Unmasking Bias in AI: A Systematic Review of Bias Detection and Mitigation Strategies in Electronic Health Record-based Models

Objectives: Leveraging artificial intelligence (AI) in conjunction with electronic health records (EHRs) holds transformative potential to improve healthcare. Yet, addressing bias in AI, which risks worsening healthcare disparities, cannot be overlooked. This study reviews methods to detect and mitigate diverse forms of bias in AI models developed using EHR data.
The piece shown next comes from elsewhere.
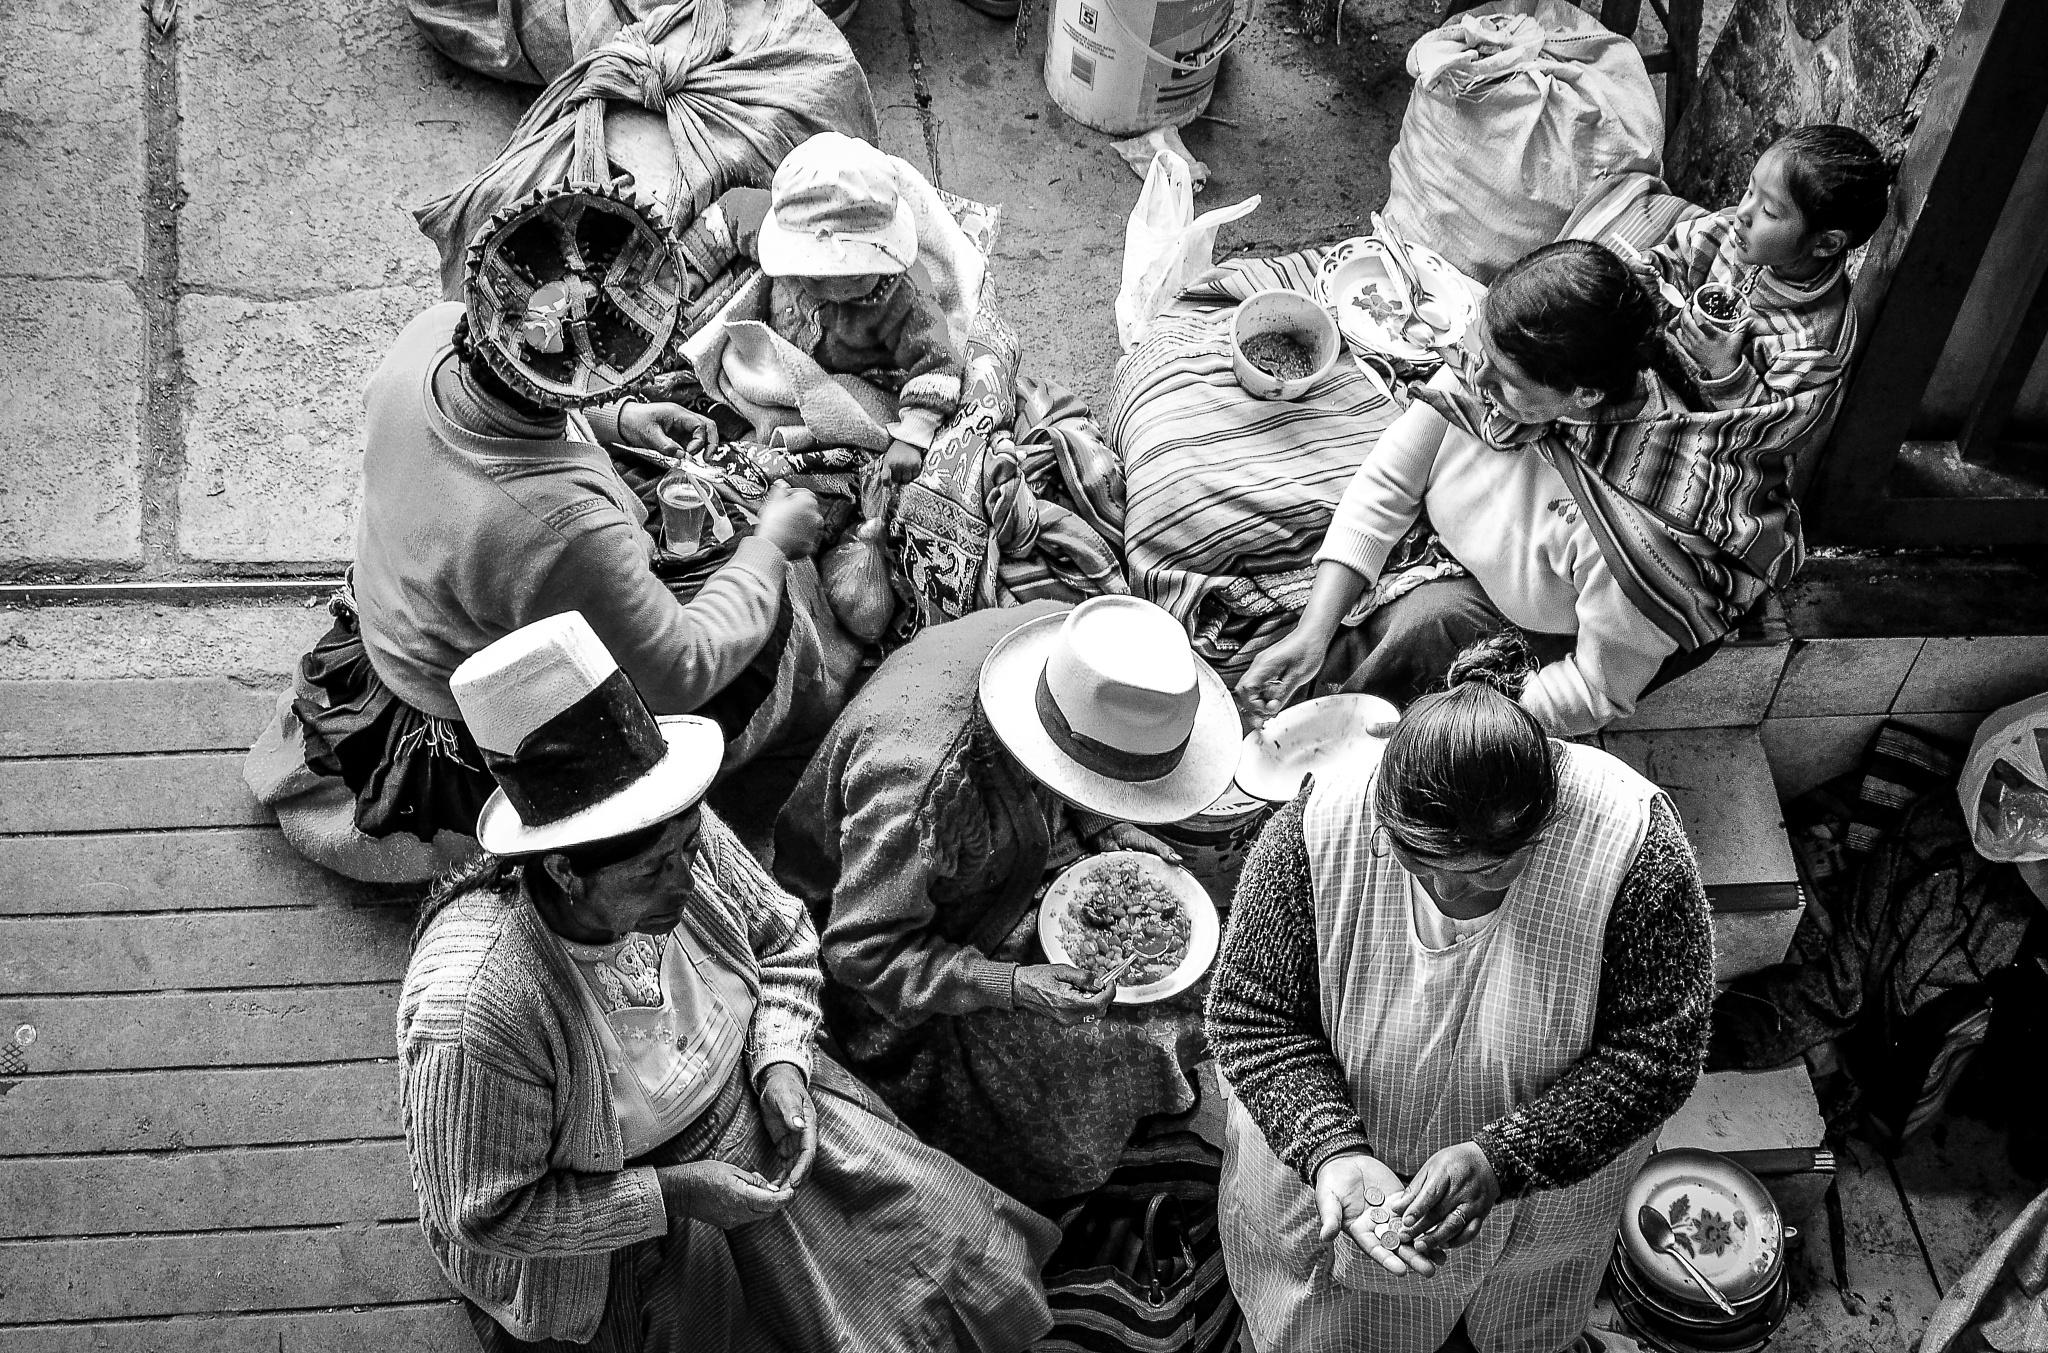 PERU. Ollantaytambo. 2014 by Marcio Bertolucci

Methods: We conducted a systematic review following the Preferred Reporting Items for Systematic Reviews and Meta-analyses (PRISMA) guidelines, analyzing articles from PubMed, Web of Science, and IEEE published between January 1, 2010, and Dec 17, 2023. The review identified key biases, outlined strategies for detecting and mitigating bias throughout the AI model development process, and analyzed metrics for bias assessment. Results: Of the 450 articles retrieved, 20 met our criteria, revealing six major bias types: algorithmic, confounding, implicit, measurement, selection, and temporal. The AI models were primarily developed for predictive tasks in healthcare settings. Four studies concentrated on the detection of implicit and algorithmic biases employing fairness metrics like statistical parity, equal opportunity, and predictive equity. Sixty proposed various strategies for mitigating biases, especially targeting implicit and selection biases. These strategies, evaluated through both performance (e.g., accuracy, AUROC) and fairness metrics, predominantly involved data collection and preprocessing techniques like resampling, reweighting, and transformation. Discussion: This review highlights the varied and evolving nature of strategies to address bias in EHR-based AI models, emphasizing the urgent needs for the establishment of standardized, generalizable, and interpretable methodologies to foster the creation of ethical AI systems that promote fairness and equity in healthcare.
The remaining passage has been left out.